With Surface Command, organizations can:

• Establish and Maintain a Single Source of Truth: Unify and correlate asset inventory and identities across internal tooling and cross-reference findings against regular external scans to understand their attack surface and establish a single source of truth across teams.
• Uncover Assets Lacking Proper Security Controls: Recurring scanning to spot gaps in security coverage where assets are missing controls, such as endpoint security agents and vulnerability scans, and which identities have admin access or are missing multifactor authentication (MFA).
• Drive Accountability Across Teams: Understand asset ownership and drive accountability when compliance standards aren’t met, providing clarity around which stakeholders to engage when remediation actions are required for security and governance, risk, and compliance (GRC) teams.
• Provide Full Context to Incident Responders: Security analysts can more effectively prioritize ongoing threats by having asset, vulnerability, and security control context in one place to make decisions.
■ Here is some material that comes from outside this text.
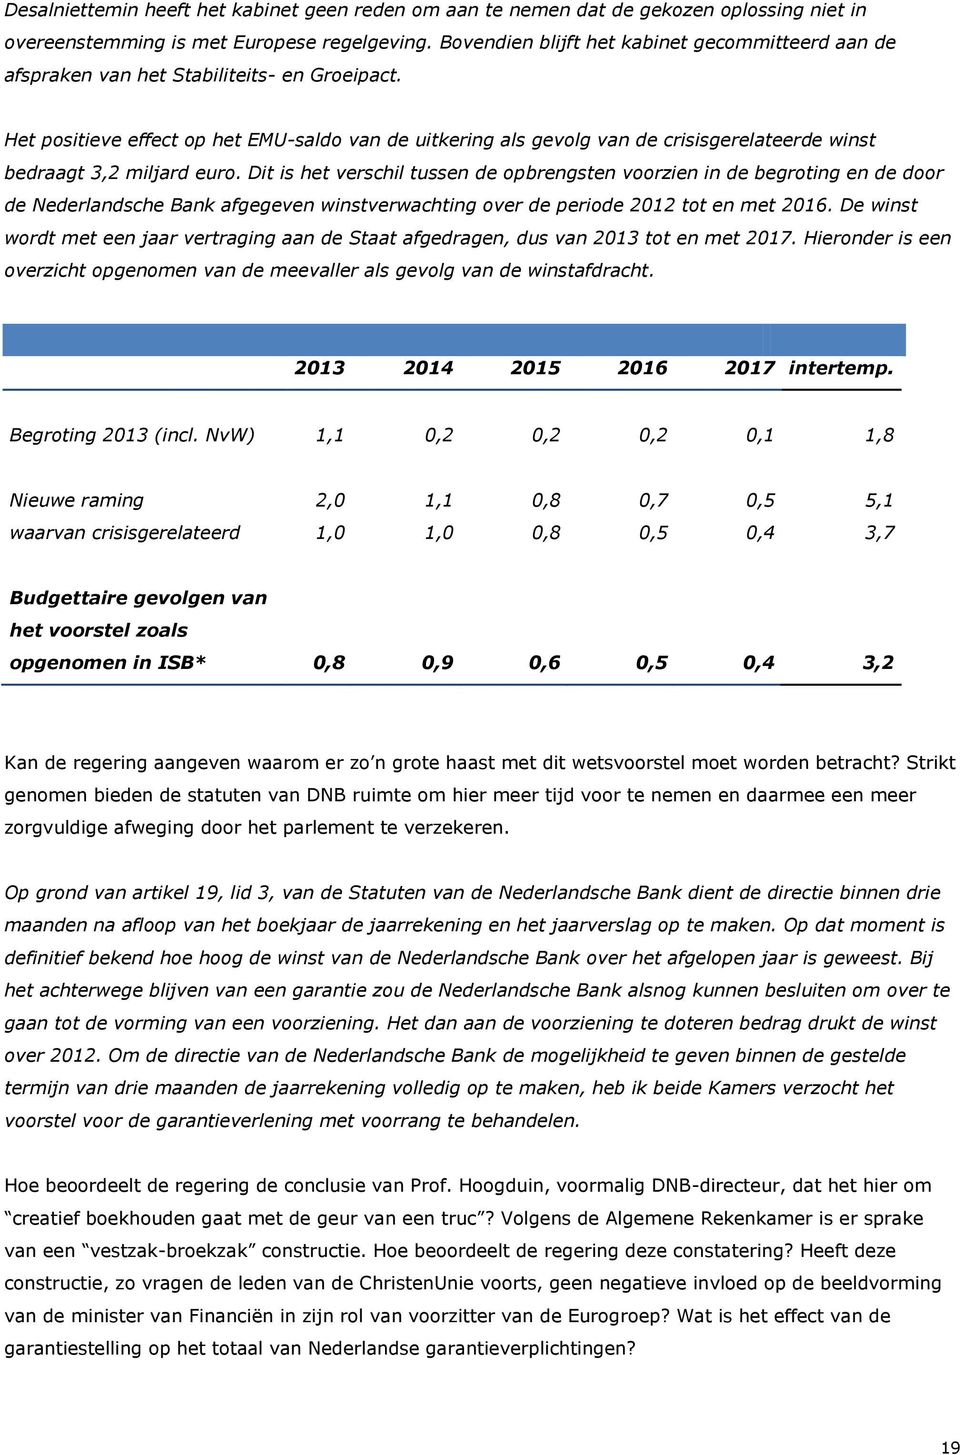 Het positieve effect op het EMU-saldo van de uitkering als gevolg van de crisisgerelateerde winst bedraagt 3,2 miljard euro.
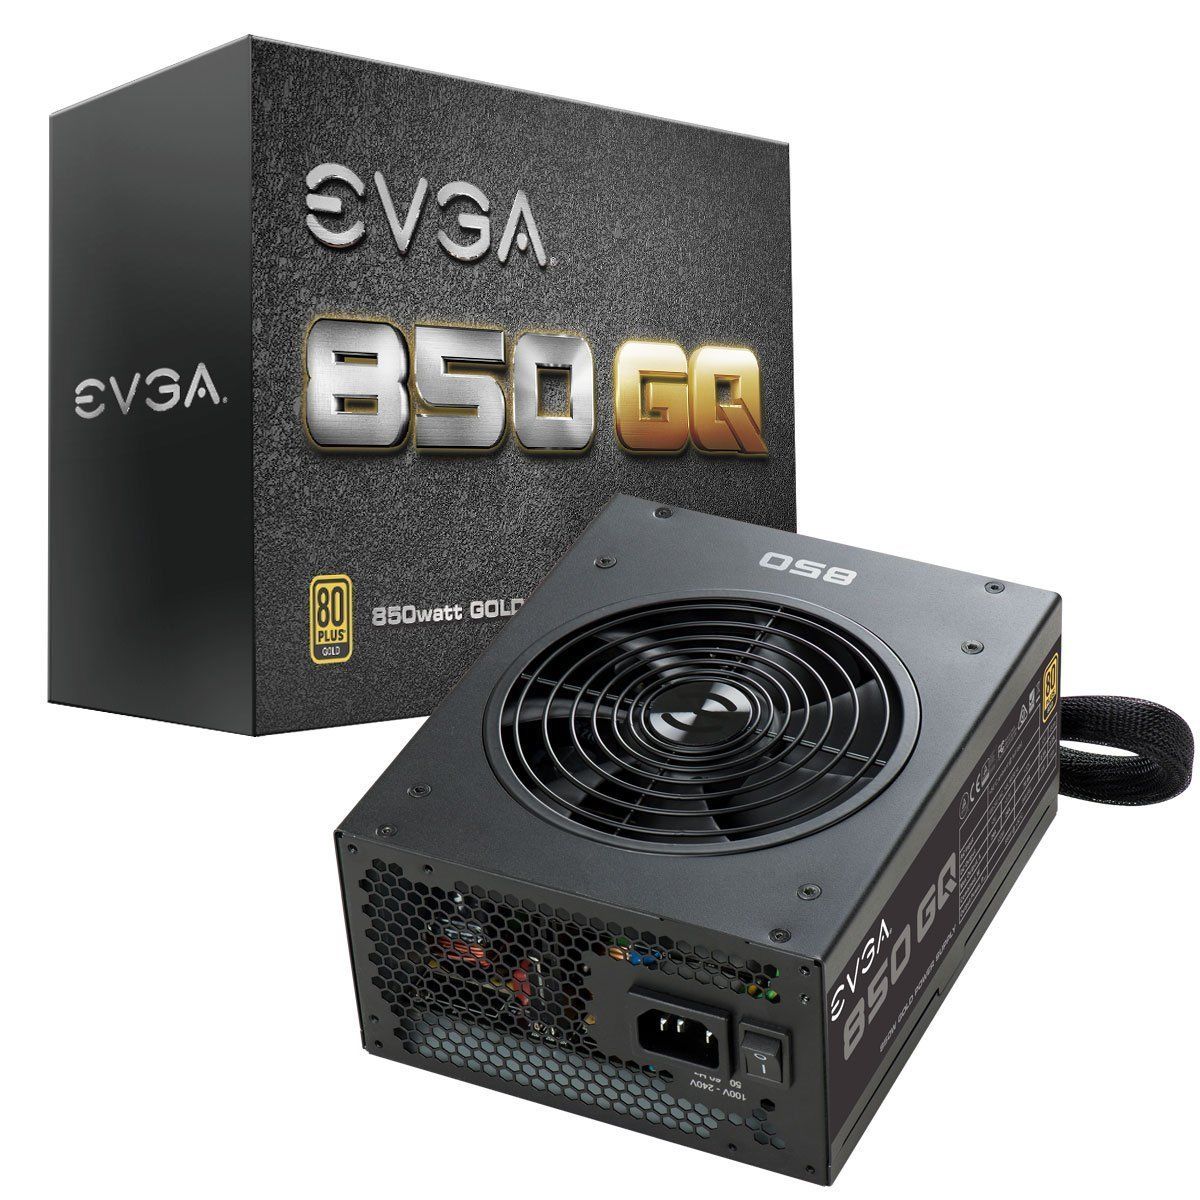 EVGA 850 GQ, 80+ GOLD 850W, Semi Modular, EVGA ECO Mode

They can also enable organization-wide threat hunts based on known asset information and tactics, techniques, and procedures (TTPs).
• Detect Shadow IT and Ungoverned Use of IT Resources: Identify unknown users and assets connected to the network with necessary context to understand the relative risk and necessary remediation steps.
• Augment Configuration Management Database (CMDB) Tools and Assist with Asset Lifecycle Management: Track technology adoption across the organization and leverage powerful native querying capabilities to gain deep insight, including if assets are still active, who owns them, and when they were last updated or modified.